**What needs to be done**: When you retype the data, keep every word exactly and include none of the pictures.

Input data Start Marker

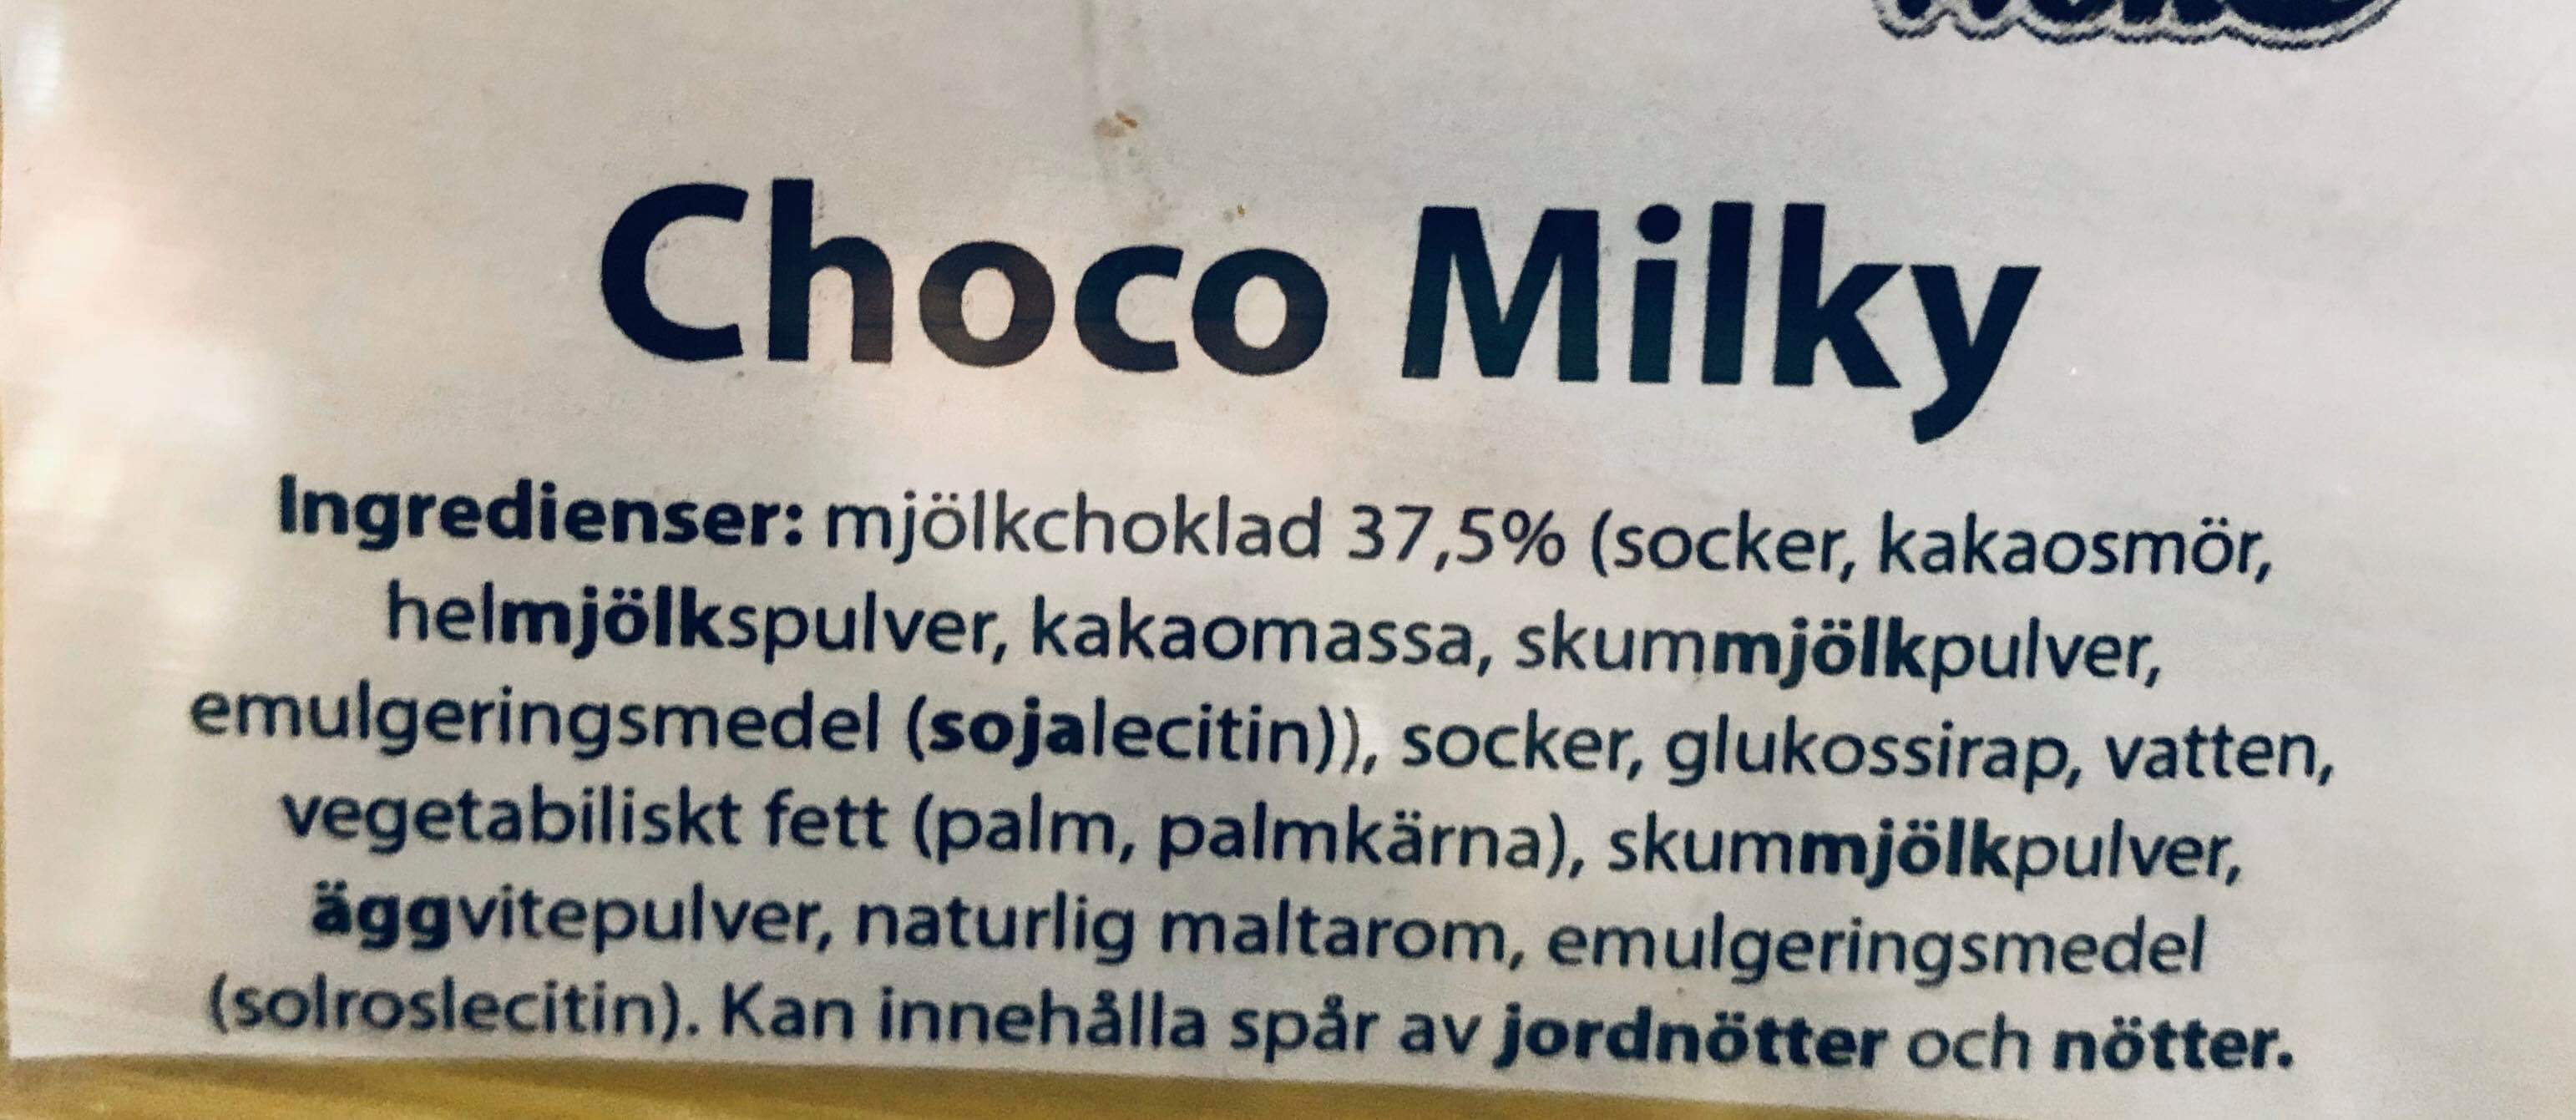 Choco milky
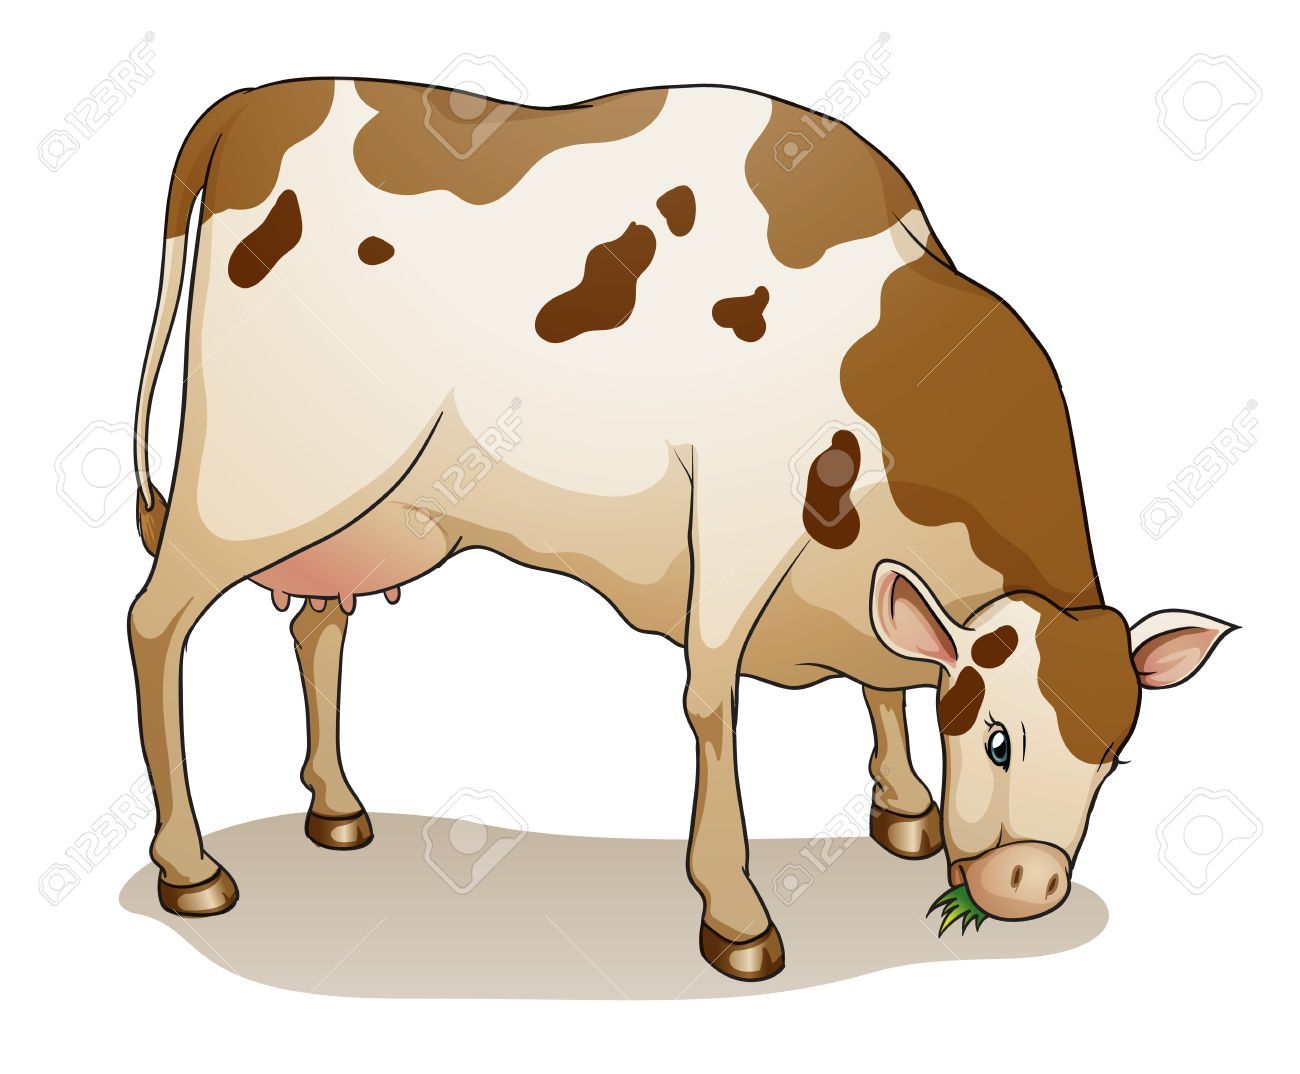 Cow grazing clipart 3 » Clipart Portal.
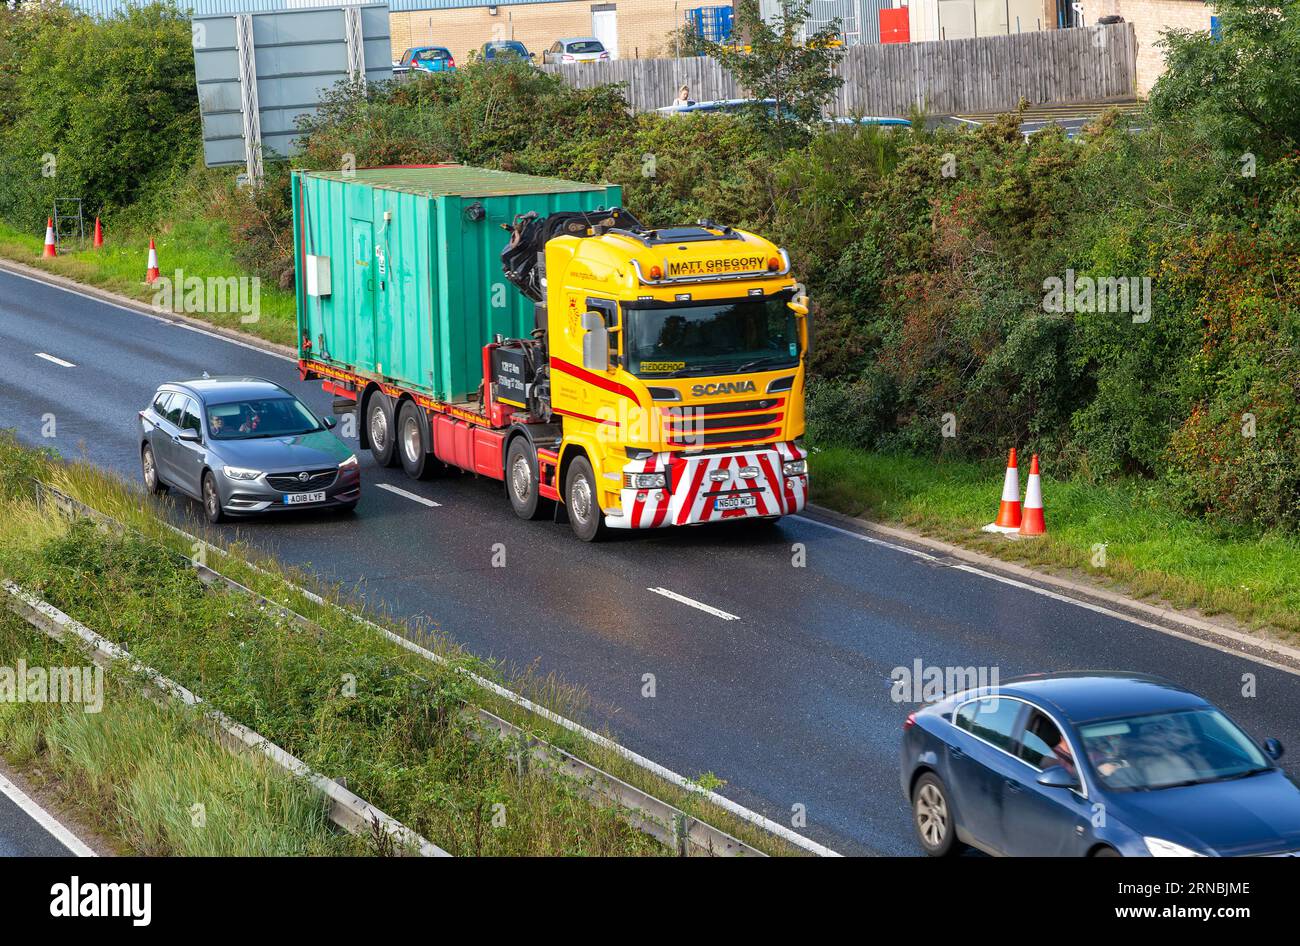 Matt Gregory container transport Scania lorry, A12 dual carriageway main road, Martlesham, Suffolk, England, UK Stock Photo

Input data End Marker

**Solution to this task**:
 Choco milky
 Cow grazing clipart 3 » Clipart Portal.
 Matt Gregory container transport Scania lorry, A12 dual carriageway main road, Martlesham, Suffolk, England, UK Stock Photo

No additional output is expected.